Dear TAKE A LOAD OFF MANDY: You know, if I dig long enough, I'm pretty sure I can find in my vast archive of sexual fuck-uped-ness a letter from some desperate individual much like yourself who is asking for advice on what to do with a girl who ALWAYS swallows and thinks it's politically incorrect for his load to be deposited ON her in any way, shape or form. And HE, is also probably unhappy. He's unhappy while both of your girls are secretly hoping to find the other guy so they can get a few minutes of goddamned peace from your continual mewling about sexual minutiae so insignificant that it doesn't even range on the scale of serious sexual consideration when measured against guys who
get NOTHING and girls who just wanna have fu-un.

But for half a second we can swallow, a-hem, our extreme urge to laugh you out of the joint and look at your THANKSGIVING problem with a calmer and clearer head while you go down this checklist of shit that might be fucking up the taste of your spooge [incidentally? Asking someone ELSE what's wrong with the taste of YOUR spooge is like asking someone else if your teeth are dirty while you're standing in front of a mirror]: asparagus and coffee are guaranteed spooge spoilers. Alcohol in excess can be. Fried onions too. The rule of thumb seems to be: if it stinks going in, it's going to stink coming out.

Conversely, stuff that's sweet going in--fruit, candy, juice and so on--usually informs the exit strategy with a taste treat worth tasting.
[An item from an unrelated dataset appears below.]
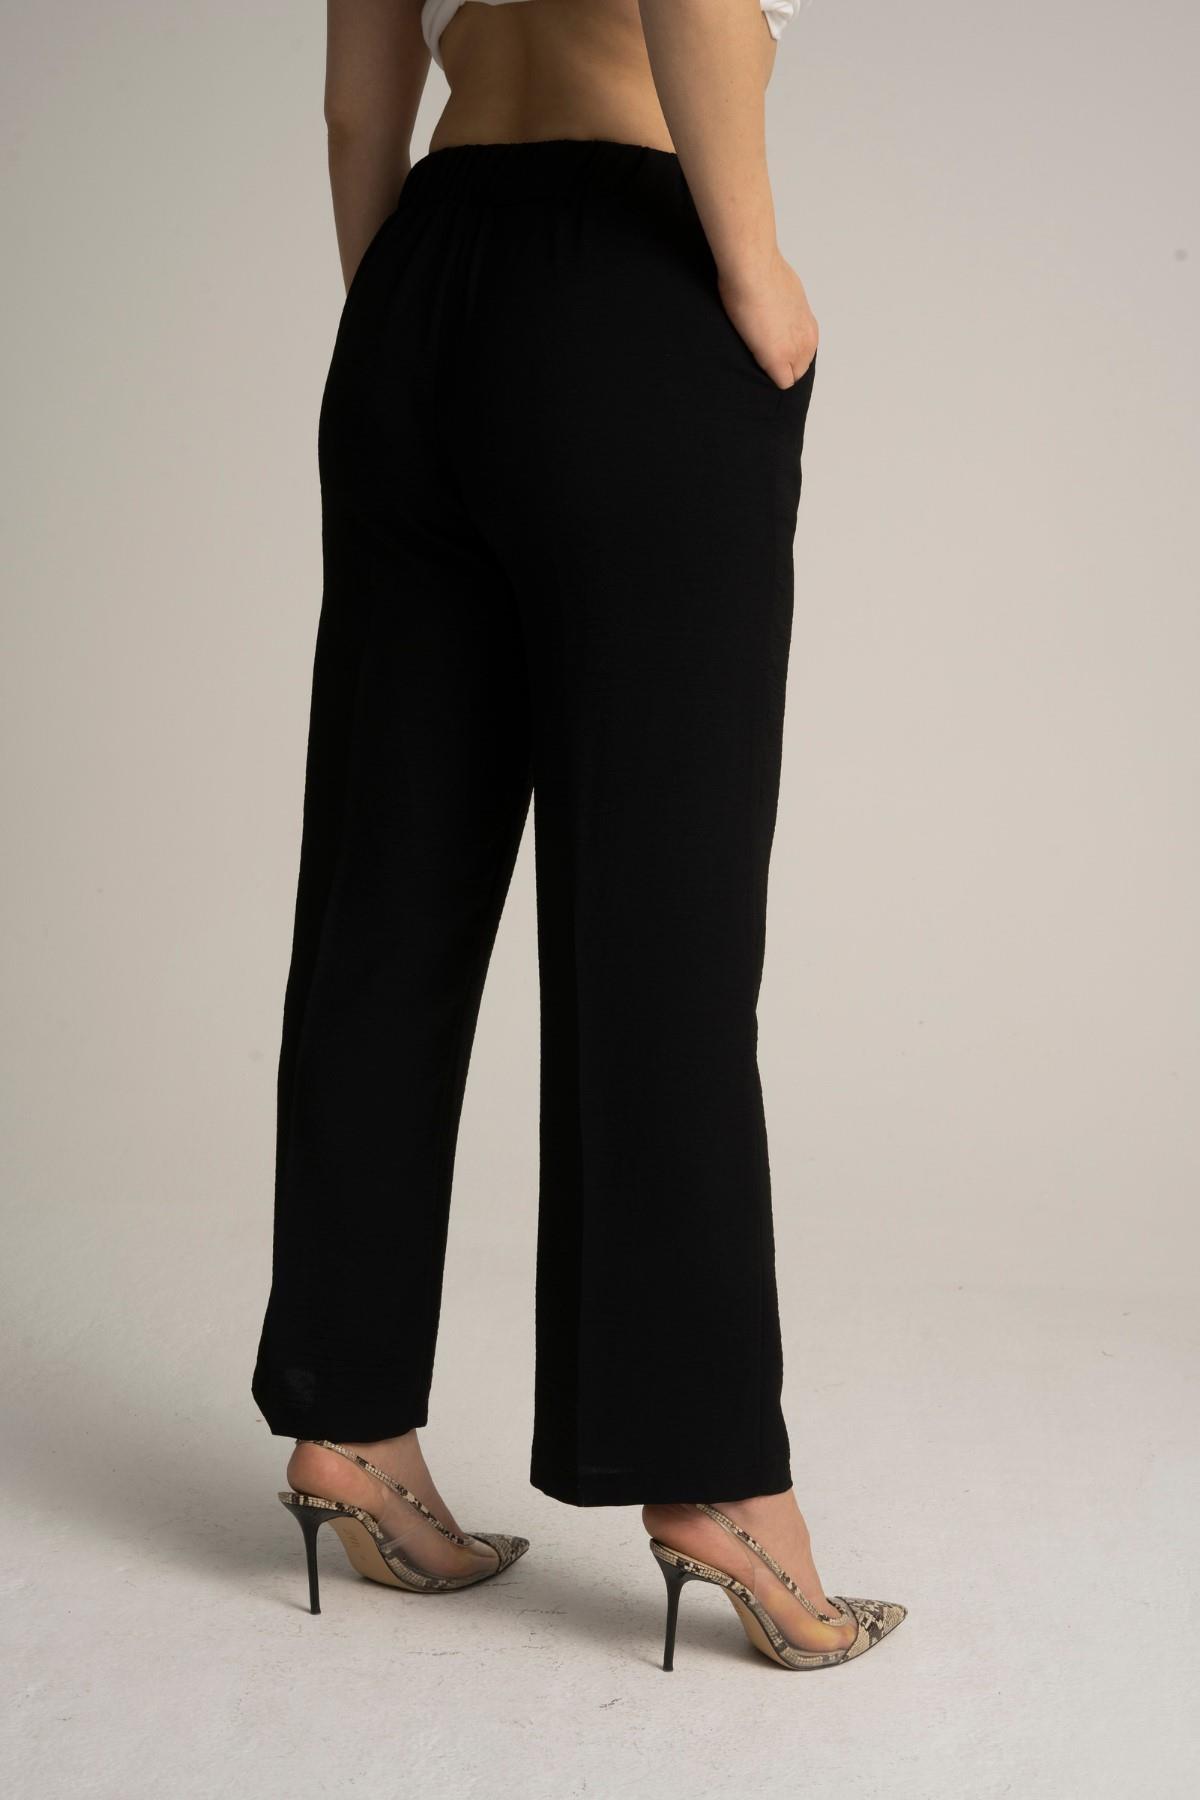 Kadın Büyük Beden Beli Lastikli Bol Paça Salaş Yazlık Siyah Renk Pantolon

But maybe it's none of these things. Maybe it's some weird body-of-Christ thing. In which case you should really count your blessings that you DON'T know and that every time you get blown you have a wonderful and waiting face upon which to blow your smelly ass load.

Something, incidentally, some starving kids in India would LOVE to do. Or have done to them. Depending, possibly largely on how many rupees were part of the Slumdog MILLIONS you paid them for the pleasure of. [SkullGame commercial break: LARRY LARRY LARRY says HELL YES to sex tourism!]